We’ve talked about the benefits of becoming an Autopian member before: it helps to support good, independent media in these difficult times, I’ll draw you a car for your birthday, you’ll get some great swag and merch, and you’ll be privy to special content, events, and warm hugs from Autopian staffers (consent permitting).
For those Autopian Velour and RCL members who renewed, I want to give a rundown of a new perk, one that replaces the hand-drawn car drawing on your birthday: a unique, custom-generated robot image made with hand-drawn graphics by me and rendered on a real 1982-vintage Apple ][+ computer.
If you’ll indulge me, I’d like to explain why I’m doing this and why I think it’s cool – and force you to understand a bit about the strange world of 1970s computer graphics.

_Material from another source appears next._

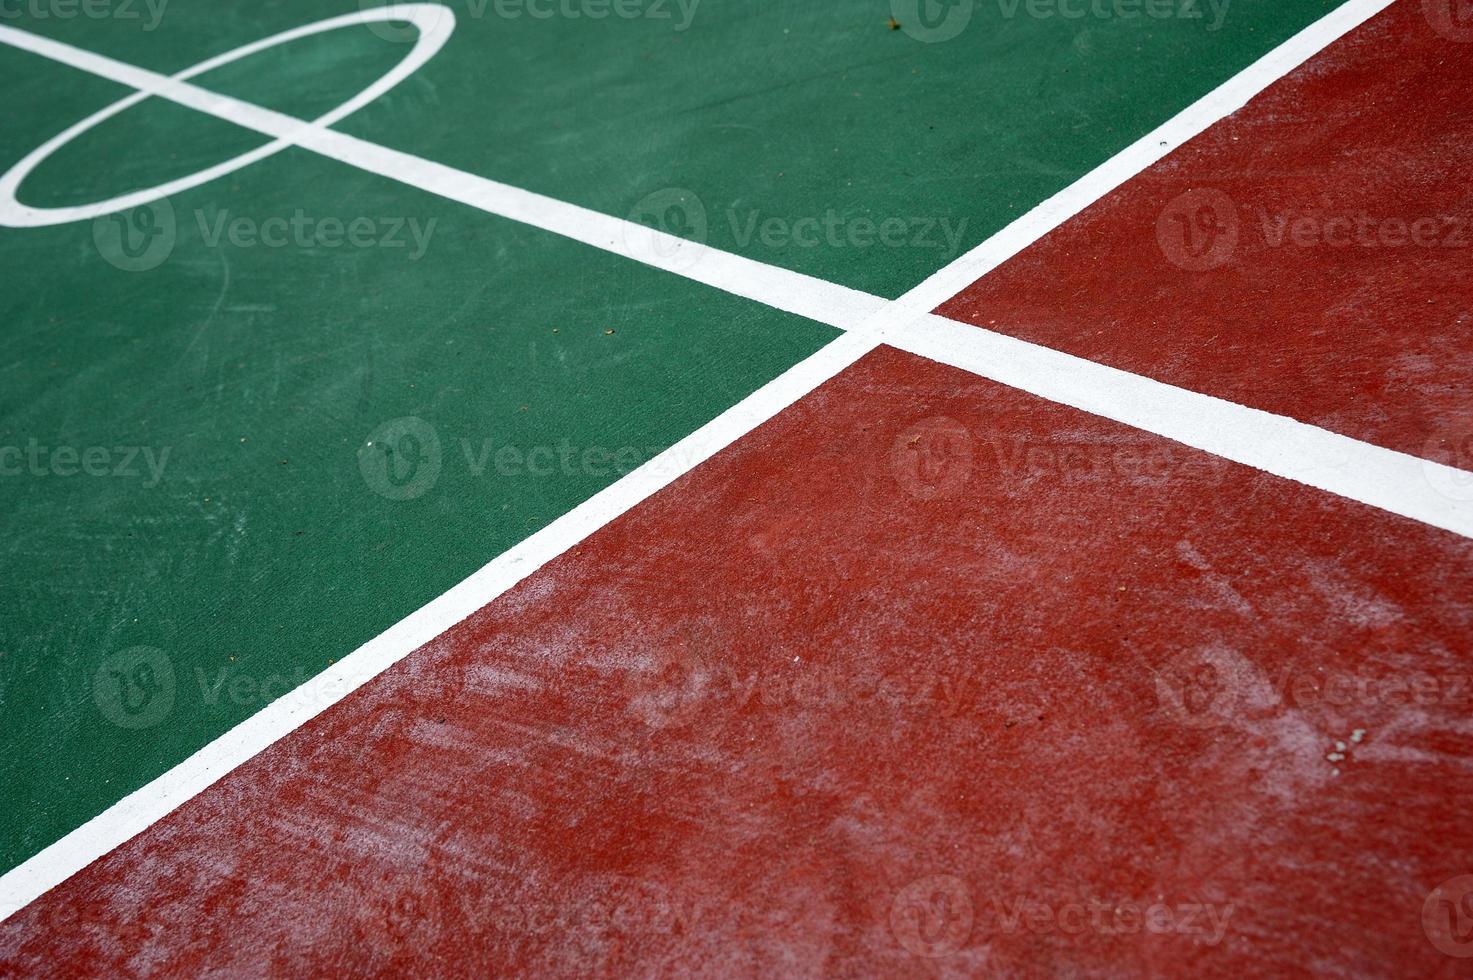 badminton veld foto

First, I should explain why we’re doing this thing that, upon first glance, seems painfully close to all that NFT bullshit that was urinating in the soup of human culture not that long ago. The goal wasn’t anything like that. The goal was to give myself a bit of a break! You see, I love doing car drawings for members, but when we promised that, we didn’t think through what that would mean as things scaled up, and for renewing members. Would I need to draw cars for every member’s birthday, every year? I’m already so behind on drawings! I needed to figure out some way to get renewing members something unique, hand-made, and cool without, you know, pushing myself too far. Because I, uh, shouldn’t.
So, some way to automate these member drawings would be good! But I don’t want to use some AI image generator like Midjourney or whatever – that feels wrong, and part of what we want to offer our members is something personal, something that actually comes from me, because I appreciate every member, dammit. Some cold, unfeeling AI can’t do that!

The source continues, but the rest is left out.